Friday, March 16, 2012

And, Breathe! ...?

Well, it's finally over. Last night I took what will hopefully be the last exam of my looooooooooooooong graduate school career. I say hopefully because it was an exam unlike any other I've taken in grad school - an actual final exam in the computer lab with a single sheet of quotes taken directly from the readings, rather than an end-of-quarter research paper. Leading up to the big event, I thought I was going to lose my shit. I did more sociology in the last week than I have in my entire life. Sociological theory has never been my friend. I'm not good at bullshitting like that, and I'm not good at boiling down thousands of pages of bullshit into a few coherent paragraphs. Unfortunately, my PhD is far from complete. I'll be taking my prelim exam in the fall and then writing a dissertation. Thankfully, the pressure won't be quite as bad - they're not going to be pleasure cruises, but at least the experience won't be crammed into a tight 11-week timeline.

I don't feel like I can give an honest assessment of how I did on the exam, either. I've never had this professor before, as she joined the faculty after I had stepped away from the program. I don't know how she grades, and I don't know if my essays were up to par. I do know that I forgot to include one point that I really wanted to make, but I don't think that omission will kill me. Now it's just a waiting game for the papers to be graded and the grades to show up online. I don't feel like I can really relax about it yet. I'll be happy with a B.

Either way, I'm so glad to have that over and done with. I'm looking forward to catching up with my internet friends and my In Real Life friends who have been long neglected, especially my BFF who has probably forgotten what I look like by now.

Up next:

I'm recombining my blogs. I don't have the time to worry about two separate blogs, so the running ramblings are coming back here. You can just skip those posts if you aren't interested in that kind of thing.

I'm running a half marathon on Sunday. It's the first time I'm going to repeat a race course, so I'm curious what the results will be.

My Google Reader has over 1,000 unread items in it. It makes me twitch.

The Bearcats are back in the NCAA Tournament again this year - I'm hoping for a good showing against Texas this afternoon.
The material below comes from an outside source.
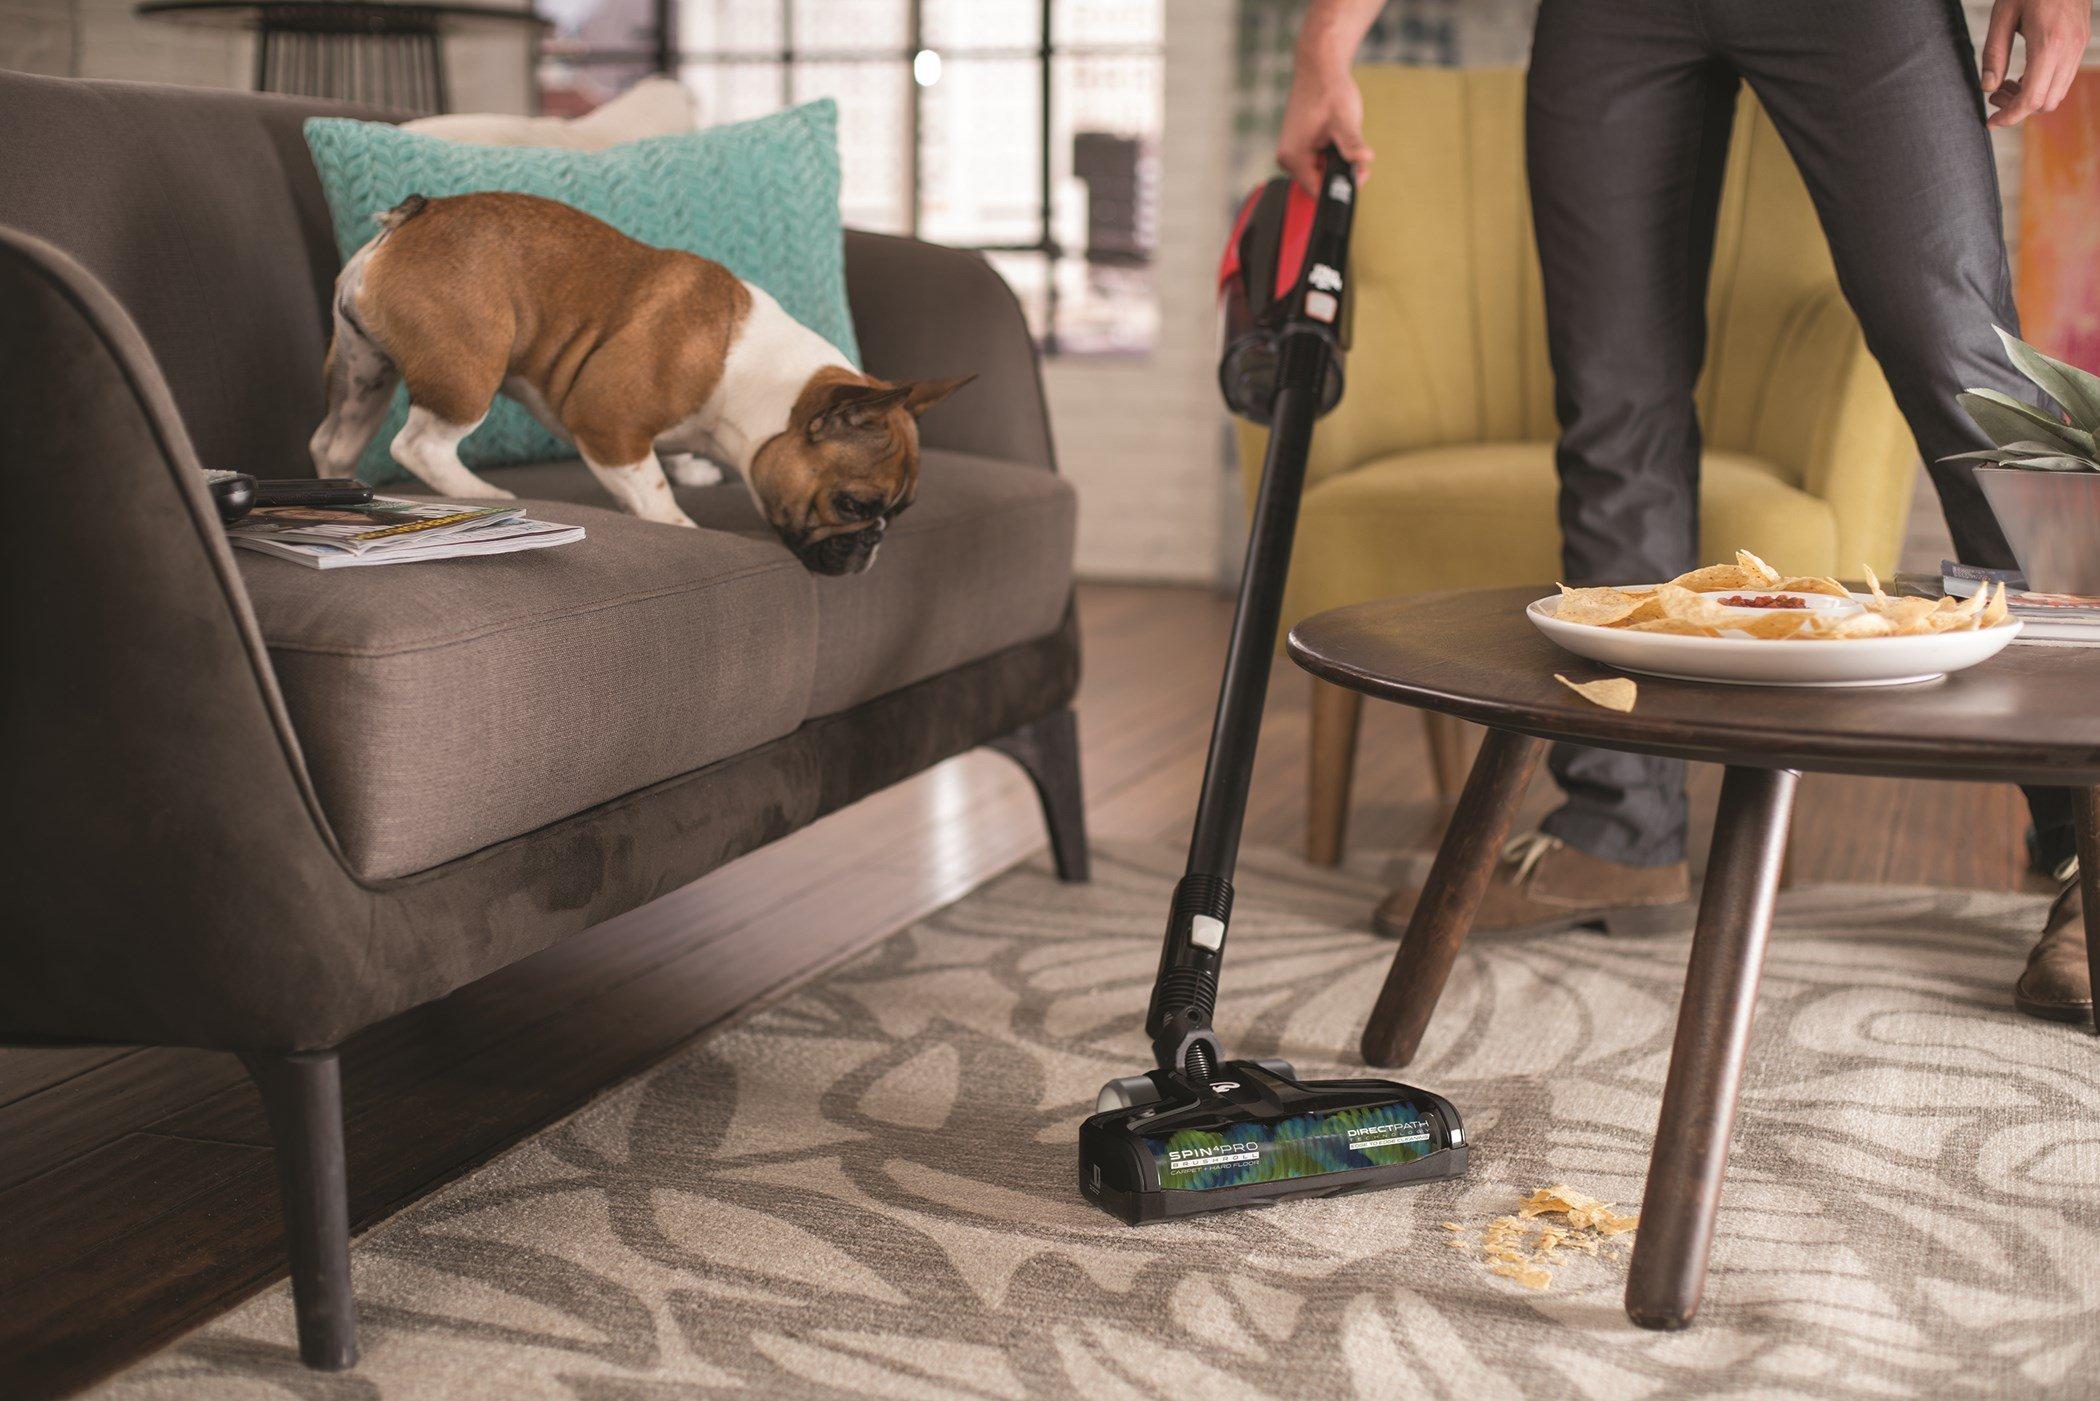 Reach Max 3-in-1 Cordless Stick Vacuum5

Go Red! Go Black! Go Bearcats!

Whee!

Monday, March 5, 2012

10 More Days

10 more days and my theory class will be over. I'm suffering through it and I can't wait to be finished. I'll be back soon, I promise! I'm not "forrest gumping" on you guys.

Wednesday, February 22, 2012

Ever Have One of Those Nights

When you just can't turn your brain off? It's not even like it's obsessing over one thing in particular, which leaves even more room for thoughts to wiggle around in my head every time I think I've cleared the slate.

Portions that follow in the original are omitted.